When the fourth reactor at the Chernobyl Nuclear Power Plant exploded in April 1986, it was the worst nuclear disaster the world had ever seen. In the three decades since, the entire power plant has been shut down and the area has been slowly reclaimed by nature .
The plant is now headed for another potential disaster, as fires in the surrounding forests are getting closer and closer to the old reactor.
Radiation Levels Spiked
At the beginning of April, Ukrainian officials reported a spike in radiation that is sixteen times above normal, after a forest fire broke out within the restricted area near the old nuclear power plant .
While these radiation levels are not near as high as the levels released after the initial explosion, Ukraine’s Emergency Ministry said that the rise in radiation in some areas had caused some difficulties in fighting the fire .
The Fires are Getting Closer
According to Greenpeace Russia, the largest of the fires has covered 34 thousand hectares, and the fire closest to the plant is about 12 thousand hectares in size. They have now reached the abandoned town of Pripyat, which used to serve the town .
Yaroslav Emelianenko, who provides tours for tourists in the area, explained that it would be an economic disaster if the fire were to destroy the town, because tourism there has become a valuable source of revenue .
How Did the Fires Start?
Since then, more than 300 firefighters have been deployed to the site, along with helicopters and planes that are attempting to extinguish the fires from above.

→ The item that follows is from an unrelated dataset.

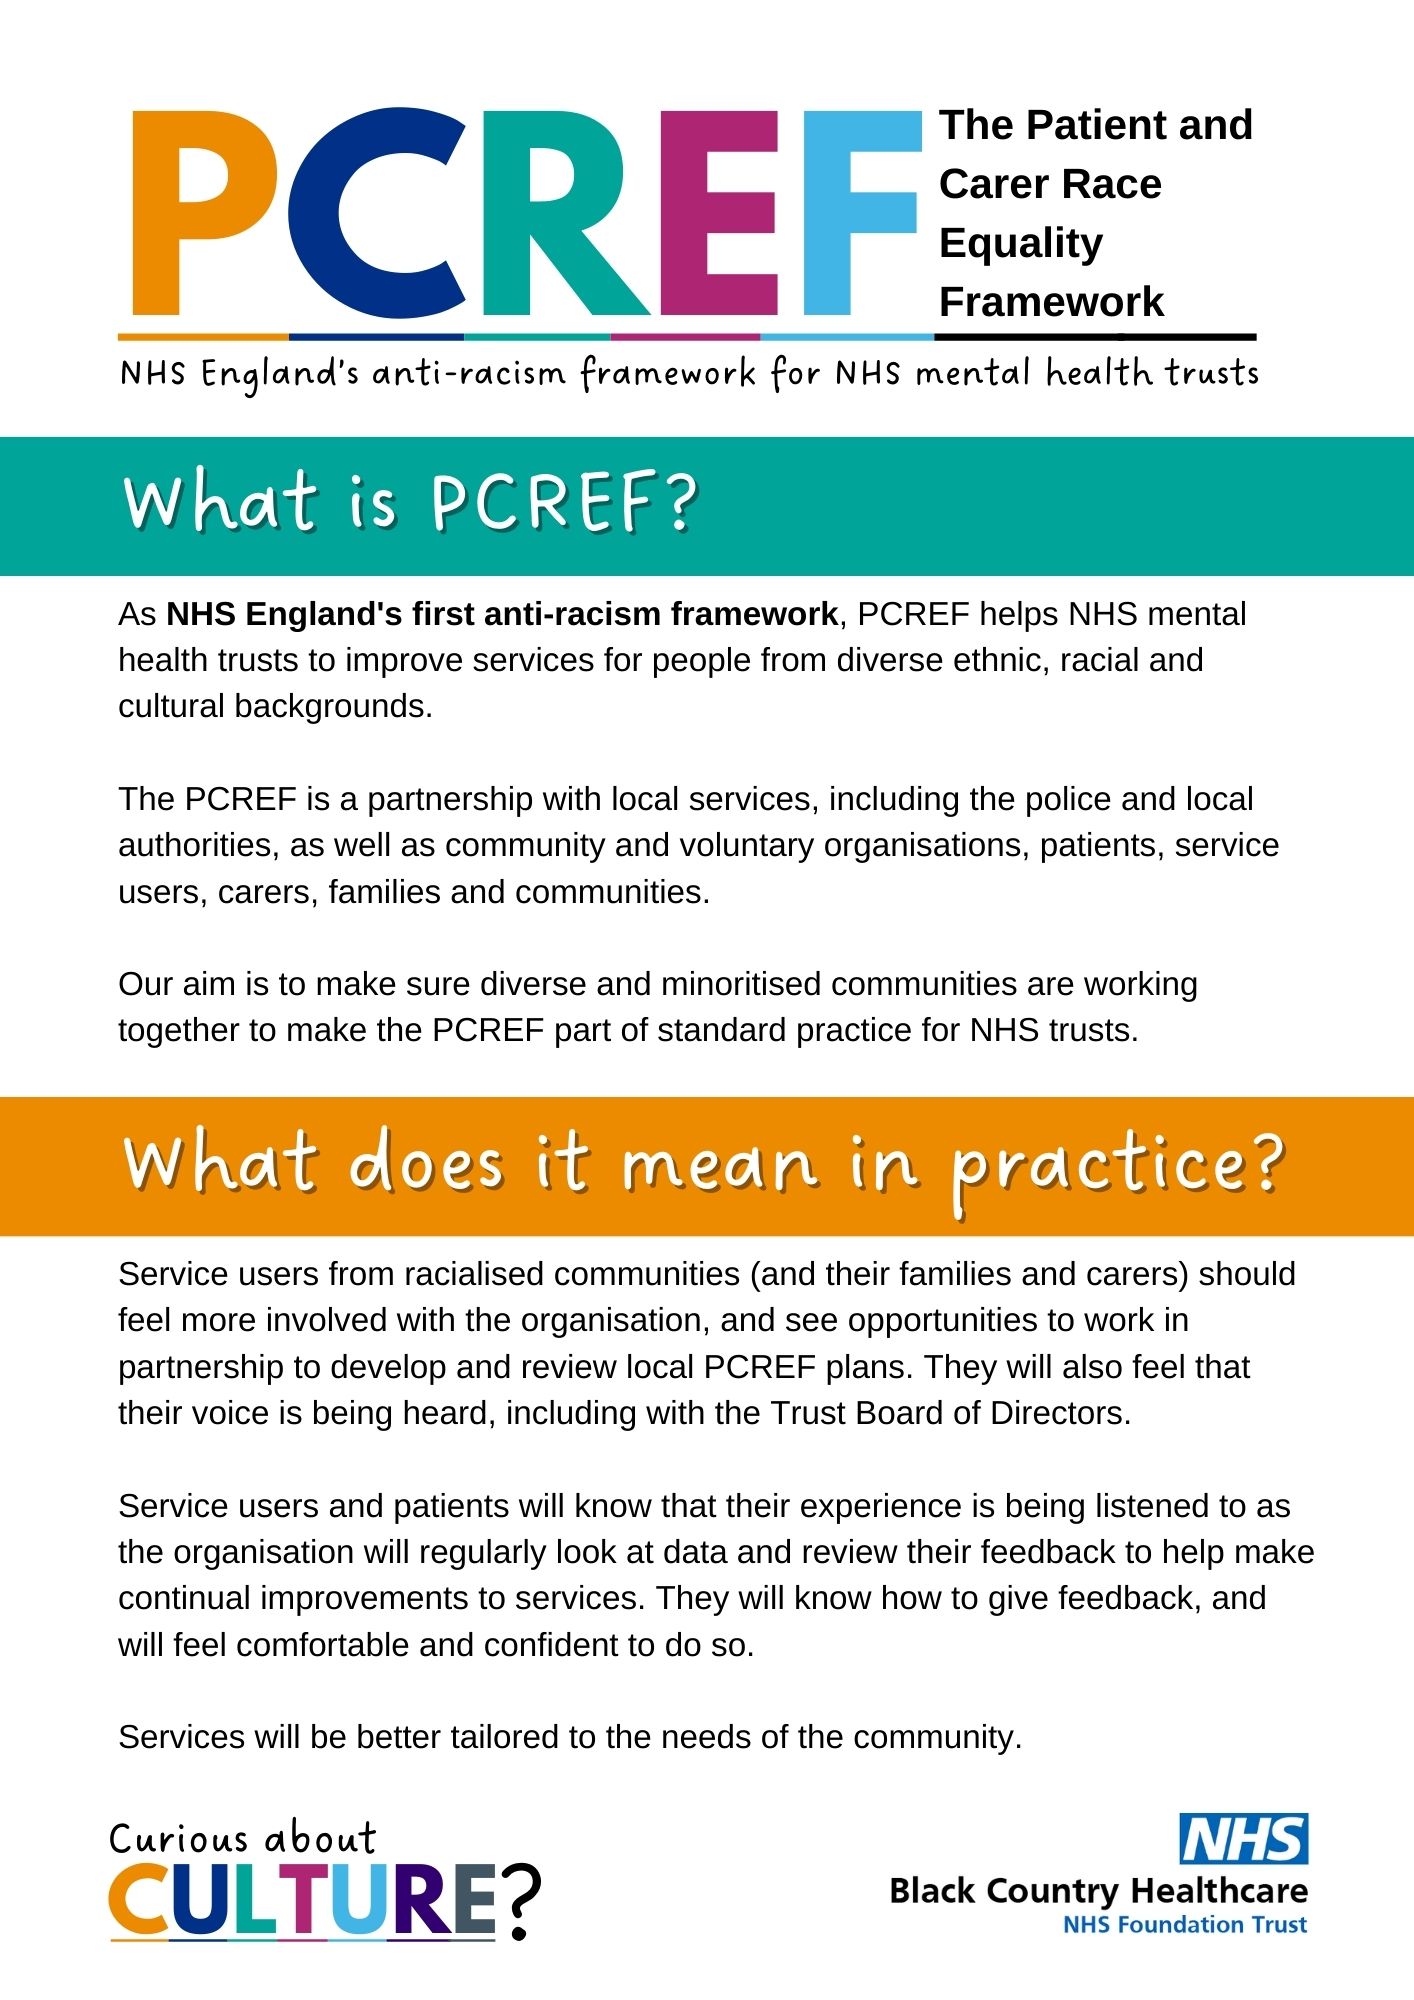 Image of PCREF leaflet

Head of the State Agency of Ukraine on Exclusion Zone Management, Kateryna Pavlova, said in an interview that they had been working all night to protect the plant from the fire, but could not say that the fires were contained .
Who is At Risk?
Officials have announced that fires near a couple of villages close to the exclusion zone have been put out.
The main concern, of course, is the levels of radiation that are being emitted into the air around the plant and traveling to nearby towns and cities. The State Emergency Service, however, that radiation levels in Kyiv, the capital city, are within normal levels .
This, of course, comes at a particularly difficult time, when most of the residents nearby are living in quarantine due to the COVID-19 pandemic. Yegor Firsov, head of Ukraine’s state ecological inspection service, however, has informed residents of Kyiv and nearby towns that they do not have to be afraid of opening their windows during quarantine .
Calling on Higher Fines for Arson
Firsov said that fires like this are fairly common in the forests surrounding the power plant, however since this one was caused by arson, he is calling on the Ukrainian government to introduce higher fines for people who commit such an act.
“Every year we see the same picture – in all regions burning fields, reed, forests. This barbaric must finally be stopped. At the first meeting of parliament, deputies should significantly raise penalties for arson. It can’t go on like this anymore.”